Correlation-based Feature Selection in Python from Scratch

Including feature selection methods as a preprocessing step in predictive modeling comes with several advantages. It can reduce model complexity, enhance learning efficiency, and can even increase predictive power by reducing noise.

In this blog post I want to introduce a simple python implementation of the correlation-based feature selection algorithm according to Hall [1]. First, I will explain the general procedure. Thereafter I will show and describe how I implemented each step of the algorithm. And lastly, I will proof its functionality by applying it on the Madelon feature selection benchmark dataset. This dataset represents a binary classification problem with 500 continuous features and 2600 samples.

General Principle

The correlation-based feature selection (CFS) method is a filter approach and therefore independent of the final classification model. It evaluates feature subsets only based on data intrinsic properties, as the name already suggest: correlations.

The goal is to find a feature subset with low feature-feature correlation, to avoid redundancy, and high feature-class correlation to maintain or increase predictive power.

For that, the algorithm estimates the merit of a subset $s$ with $k$ features with the following equation:

$Merit_s = \frac{k\overline{r_{cf}}}{\sqrt{k + k(k-1)\overline{r_{ff}}}}$ .

$\overline{r_{ff}}$ : average feature-feature correlation
$\overline{r_{rf}}$ : average feature-class correlation
$k$ : number of features of that subset

For this blog post the features are continuous and hence, we can use the standard Pearson correlation coefficient for the feature-feature correlation. However, as the class of the dataset is binary, the feature-class correlation is computed using the Point-biserial correlation coefficient.

It’s obvious that we search for the subset that yields the highest merit. A high merit can be achieved with a high feature-class correlation in the numerator, as well as with a low feature-feature correlation in the denominator. But how do we search for the best subset?

Imagine a dataset with only 10 features. There are about $2^{10} = 1024$ possible feature subset combinations and adding one single feature to the dataset would even double the possibilities. Hence, a Brute-Force approach is not really applicable.

Hall (2000) proposes a best first search approach using the merit as heuristic. The search starts with an empty subset and evaluates for each feature the merit of being added to the empty set.

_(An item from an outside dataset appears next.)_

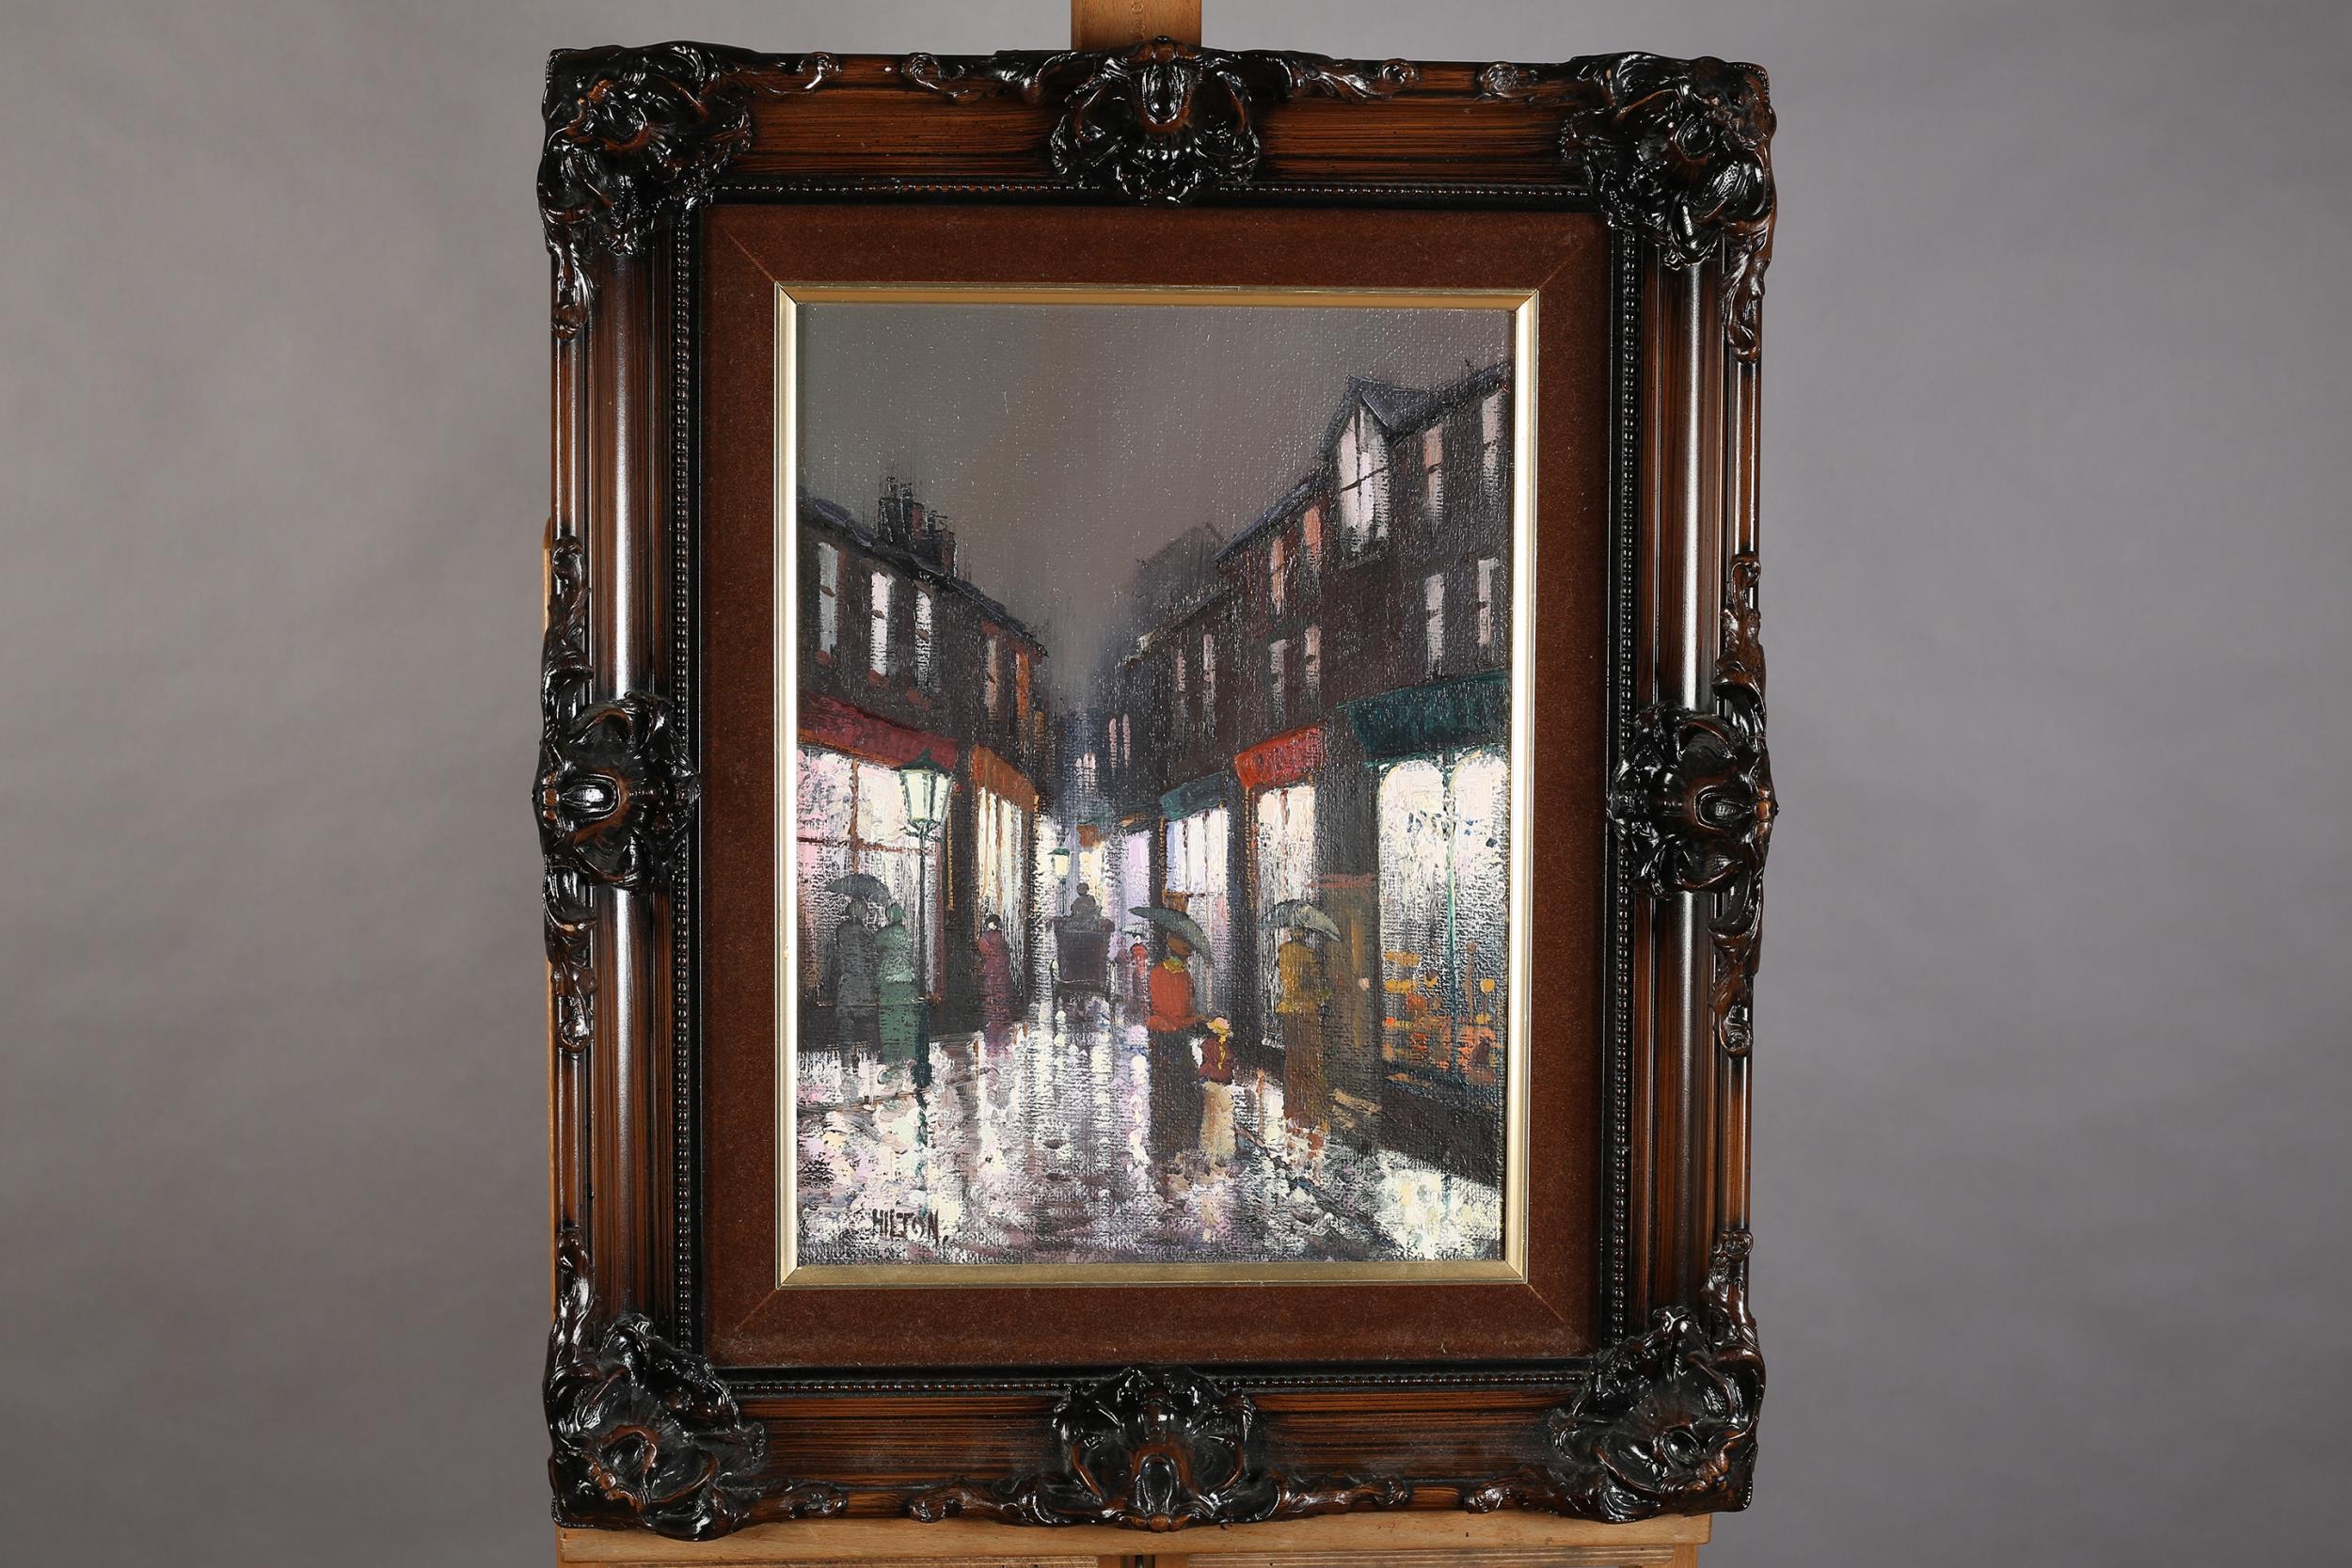 ARR Barry Hilton (b 1941), Edwardian street scene with figures on a rainy night, oil on canvas,

For this step the feature-feature correlation can be neglected, as the denominator of the equation above simplifies to 1, due to $k=1$ .

$\frac{k\overline{r_{cf}}}{\sqrt{k + k(k-1)\overline{r_{ff}}}} = \frac{1\overline{r_{cf}}}{\sqrt{1 + 1(1-1)\overline{r_{ff}}}} = \frac{\overline{r_{cf}}}{\sqrt{1}} = \overline{r_{cf}}$

So for the first iteration the evaluation is solely based on the feature-class correlation. The feature with the highest feature-class correlation is added to the so far empty subset. In the next step again all features, except for the one already added, are evaluated and the one that forms the best subset with the previously added one is kept.

This process is iterative and whenever an expansion of features yields no improvement, the algorithm drops back to the next best unexpanded subset. Without a limitation this algorithm searches the whole feature subset space. Hence, the number of backtracks must be limited. After reaching this limit the algorithm returns the feature subset that yielded the highest merit up to this point.

Implementation

Firstly, we will load the dataset with pandas from the drive:

import pandas as pd

# load the dataset
df = pd.read_csv('./data/madelon.csv')
df.head(3)

Before we dive deeper into the correlation-based feature selection we need to do some preprocessing of the dataset. First, we want to get the column names of all features and the class, respectively. Second, the class labels are currently 1 and 2. We quickly want to change it to 0 and 1 using numpy’s where function.

import numpy as np

# name of the label (can be seen in the dataframe)
label = 'Class'

# list with feature names (V1, V2, V3, ...)
features = df.columns.tolist()
features.remove(label)

# change class labeling to 0 and 1
df[label] = np.where( df[label] > 1, 1, 0)

Compute Merit

Now we are ready to go to the actual feature selection algorithm. The first thing to implement is the evaluation function (merit), which gets the subset and label name as inputs.

from scipy.stats import pointbiserialr
from math import sqrt

def getMerit(subset, label):
    k = len(subset)

    # average feature-class correlation
    rcf_all = []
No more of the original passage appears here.